◆ **Work to complete**: Line by line, copy out the data that follows.

◆ **The data**:
■ ■ ■ ■ ■

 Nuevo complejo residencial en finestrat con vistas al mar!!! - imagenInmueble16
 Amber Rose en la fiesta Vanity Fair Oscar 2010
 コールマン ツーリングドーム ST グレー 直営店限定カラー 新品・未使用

■ ■ ■ ■ ■

◆ **Reply**:
 Nuevo complejo residencial en finestrat con vistas al mar!!! - imagenInmueble16
 Amber Rose en la fiesta Vanity Fair Oscar 2010
 コールマン ツーリングドーム ST グレー 直営店限定カラー 新品・未使用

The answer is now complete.